What to Avoid Eating Mid-Workout

Fat slows gastric emptying significantly. When you eat fatty foods during exercise, they sit in your stomach longer, layering on top of other stomach contents and increasing the chance of nausea, bloating, and cramping. Save the nuts, cheese, and avocado for before or after.

High-fiber foods cause similar problems. Whole grains, raw vegetables, beans, and high-fiber bars all take longer to break down and can cause gastrointestinal distress when your body is diverting blood flow away from digestion and toward working muscles. The mid-workout window is one of the few times when simple, low-fiber, low-fat carbohydrates are genuinely the better choice.

What About Protein During a Workout?

For most people, protein during exercise isn’t necessary. Consuming protein before or after your session is far more impactful for muscle recovery and growth. Eating 20 to 40 grams of high-quality protein in the hours surrounding your workout stimulates robust increases in muscle protein synthesis, and the timing window is more flexible than people once thought (anywhere from immediately before to a couple hours after).

There is one exception. If your carbohydrate intake during a long session is falling short, perhaps because of stomach issues or limited access to food, adding a small amount of protein can help maintain blood sugar, reduce muscle breakdown, and partially compensate for the missing carbs. This is a backup strategy, not a primary one.

Hydration and Electrolytes

Fluid is just as important as food during prolonged exercise. A practical target is 150 to 300 milliliters (roughly 5 to 10 ounces) every 15 to 20 minutes, adjusted based on how much you’re sweating. Smaller, frequent sips are easier to absorb than gulping a large amount at once.
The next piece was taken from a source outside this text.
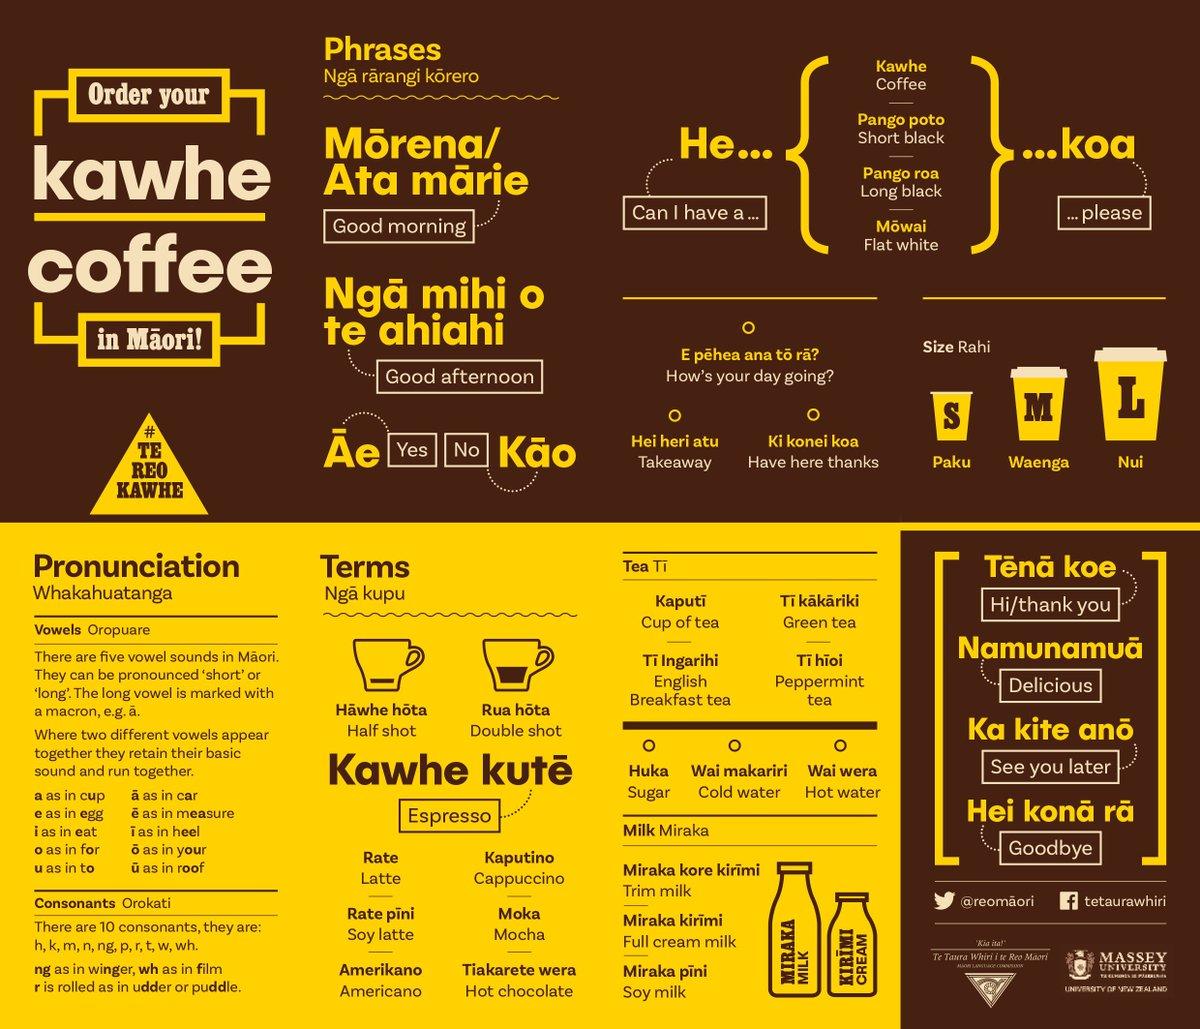 Order your kawhe in Māori
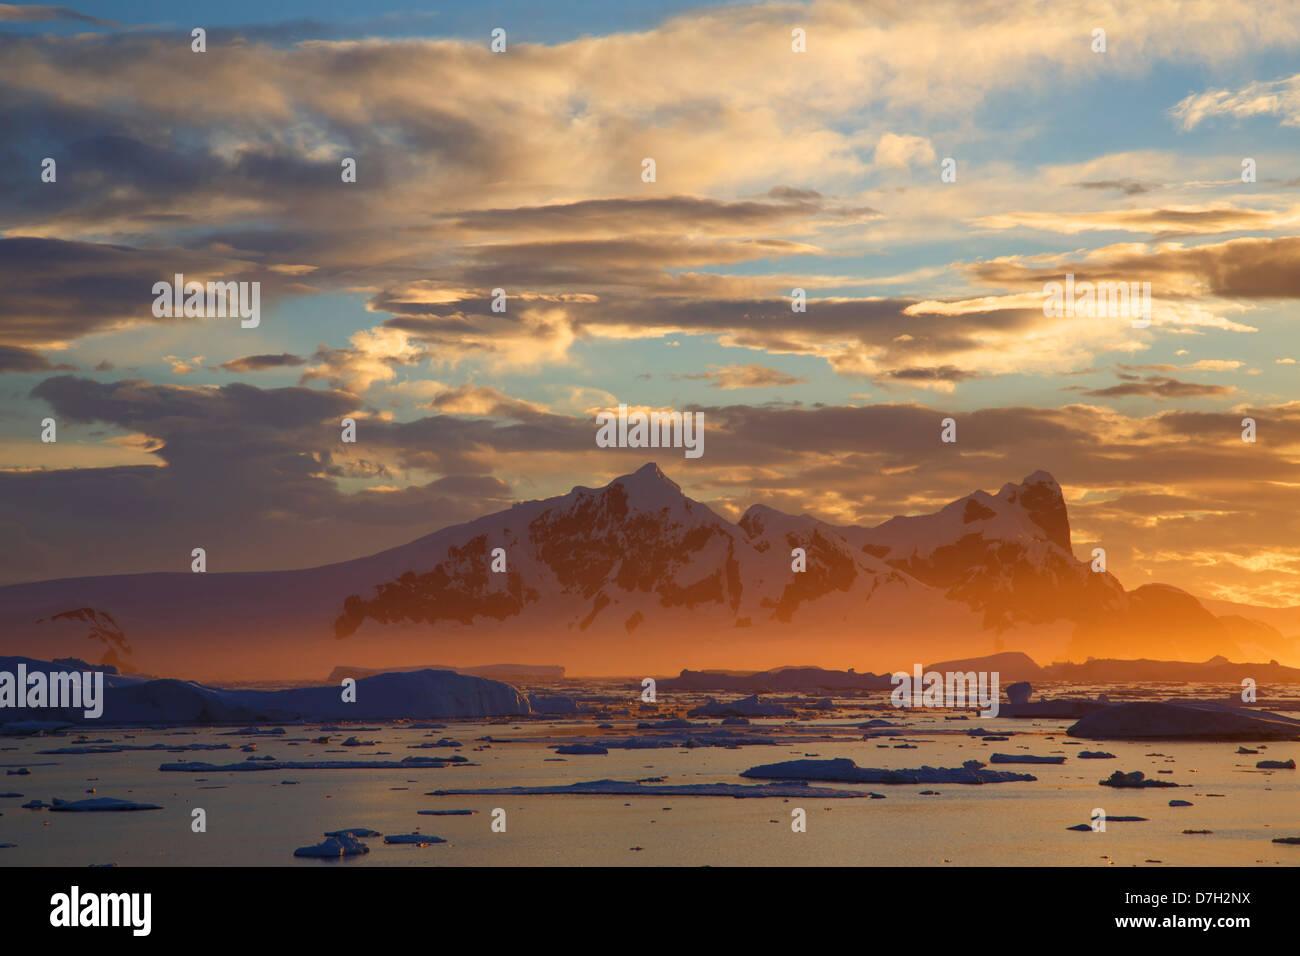 Coucher de soleil / Lever du soleil comme nous voyageons en dessous du Cercle Antarctique, l'Antarctique. Photo Stock

When you sweat heavily, you lose sodium along with water. For prolonged exercise, especially in heat, replacing 300 to 600 milligrams of sodium per hour helps maintain fluid balance and prevents the performance drop that comes with dehydration. Most sports drinks contain sodium in this range. If you’re using gels or whole foods instead, adding an electrolyte tablet to your water bottle or eating a few salted pretzels can fill the gap.

A Simple Framework by Duration

For workouts under 60 minutes, water is sufficient. No food needed.

For sessions lasting 60 to 90 minutes at moderate to high intensity, small amounts of carbohydrate (around 30 grams per hour) can help, especially if you didn’t eat well beforehand. A sports drink or half a banana is enough.

For efforts lasting two to three hours, aim for 60 to 80 grams of carbohydrate per hour from a glucose-fructose blend, paired with regular fluid and electrolyte intake. This is where a deliberate fueling plan makes a real performance difference, and practicing your nutrition strategy during training sessions helps you figure out what your stomach tolerates before race day.